American novelist John Cheever repeatedly insisted that ‘fiction is not cryptoautobiography’. Do you agree? How far is an author able to go beyond the influence of their
own life experience in writing fiction?
6.
Cohen, in the words of Ray Bradbury, author of Fahrenheit 451, writes that it is ‘better to
dance, make love, write a novel without too much regard for the textbooks.’ Is this advice
itself an indictment of How to Write Like Tolstoy? What do you think Cohen’s purposes were
in writing this book, if not to teach people how to write?
7.
Cohen suggests that when writing ‘one lets down a bucket into one’s subconscious and
draws up what is normally beyond reach.’ To what extent does the subconscious play a role
in forming elements of a novel such as characterisation and plot? What are the implications
of this, particularly with regard to the question of creativity and practical methods of
writing?
8.
Readers often talk about the formative power of literature. Cohen himself mentions how his
involvement in the lives of fictional characters has shaped his moral world.

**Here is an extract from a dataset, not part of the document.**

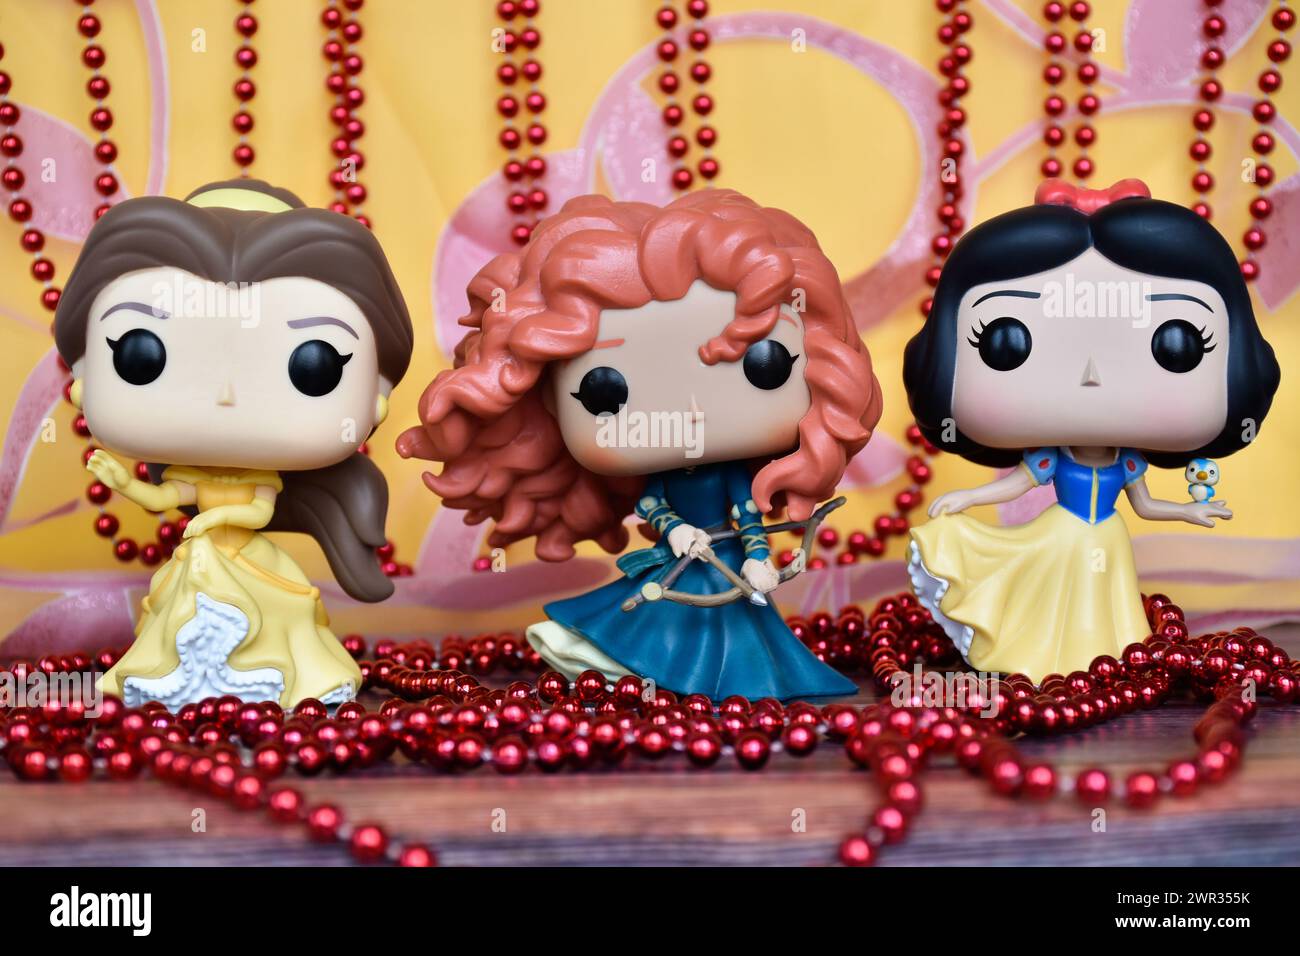 Funko Pop Actionfiguren der Disney-Prinzessinnen Belle (die Schönheit und das Biest), Merida (tapfer) und Schneewittchen. Goldener rosa Vorhang, rote Halskette, fabelhaft. Stockfoto

But does writing
fiction play a formative role in the lives of novelists, and if so, in what way?
9.
Cohen tells the story of how Malcolm Gladwell went on to congratulate a plagiarist for
adding value to what he first wrote. Many find this ‘added value’ argument persuasive when
it comes to writing fiction. Do you find the added value argument persuasive, and did this
chapter challenge your perspective on the idea of ‘originality’ in any way?
10. Cohen makes reference to the ‘ice chip in the heart’ which Graham Greene explains is a
trait which allows a novelist to borrow from loved ones’ lived experiences and personalities.
Greene thinks this is an essential trait of a good writer. Do you agree? Do you ‘possess such
a splinter,’ and if so, to what degree?